Bolsa, mercados y cotizaciones
Clients pull out 23 percent of Diamondback's capital
Diamondback executives had set a deadline of February 15 for pension funds, endowments and wealthy investors to tell the firm if they wanted to pull money out. By Thursday, the firm had tallied the total, reporting that 23 percent of its capital will be removed by the end of March.
At the same time, several large investors, including Blackstone Group LP , which had the most money available for redemption, are staying put, people familiar with the hedge fund said.
Reuters obtained a copy of Diamondback's brief, three-paragraph letter to investors. A spokeswoman for the firm declined to comment.
Diamondback was one of four firms visited by FBI agents in November. Shortly after the raid, the firm placed a portfolio manager on leave. Neither the firm nor the manager has been charged with any wrongdoing.
Still, investors where getting nervous about any whiff of scandal.
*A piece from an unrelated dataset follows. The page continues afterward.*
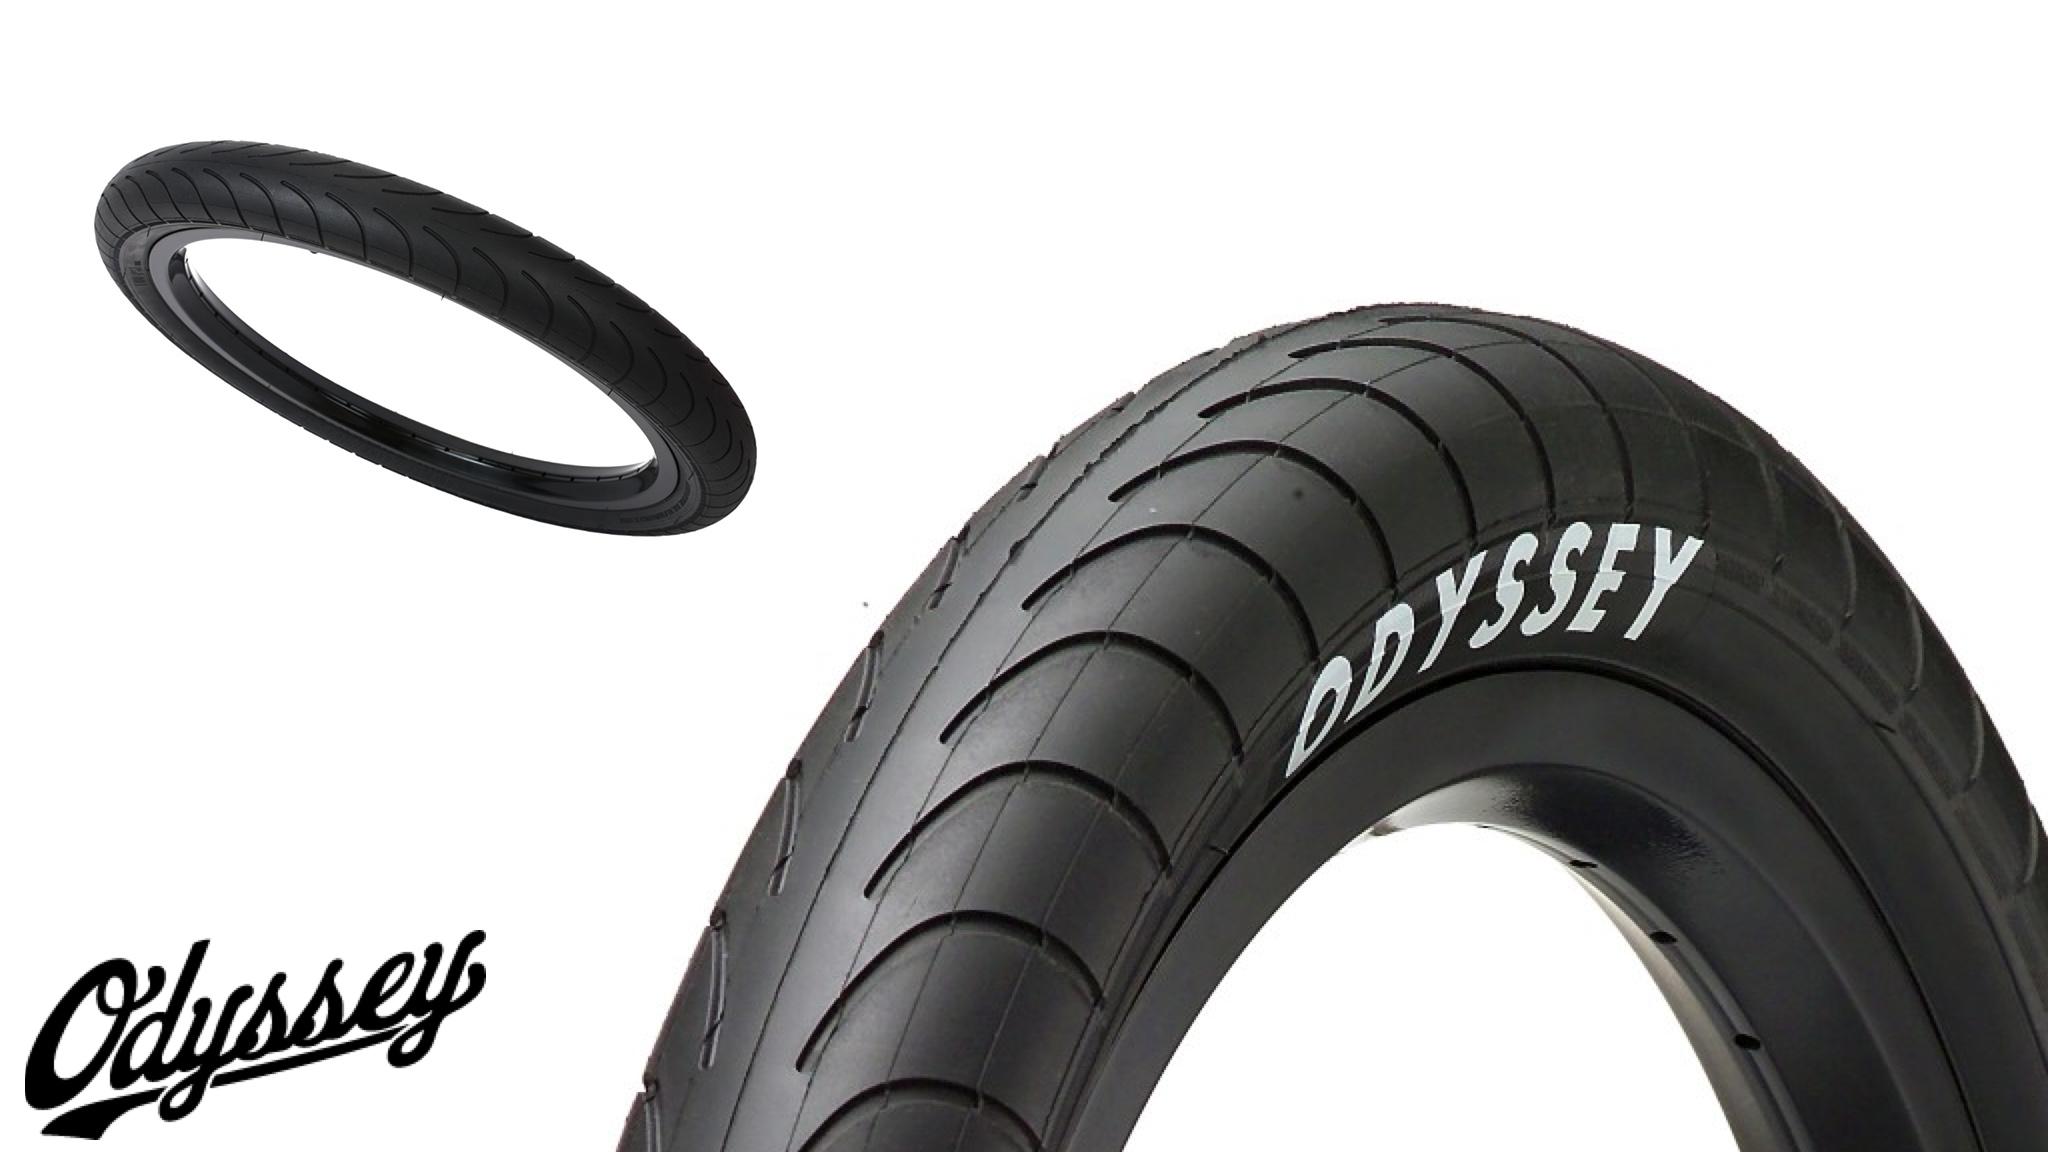 Odyssey Chase Hawk tire

In less than two weeks, the amount of money that investors wanted back more than doubled. On February 1, investors were told the firm faced redemptions of $534 million. The number had climbed to about $1 billion by early this week.
Several large investors have said privately that they still have confidence in the firm, which recently managed $5.5 billion.
Pension funds including the New York State Common Retirement Fund, the Indiana Public Employees Retirement Fund, the School Employees Retirement System of Ohio, the Missouri State Employees Retirement System and the New Mexico Public Employees Retirement Association were all invested with the firm late last year.
Last week, Level Global Investors, another of the firms raided by federal agents, told investors it was shutting down.
Diamondback, founded by SAC alumni Richard Schimel and Larry Sapanski, employs about 200 people, and its individual managers are given greater latitude in trading than at Level Global.
It is significantly larger than Level Global, where trading appeared to have been concentrated among a few people, sources familiar with the firms said.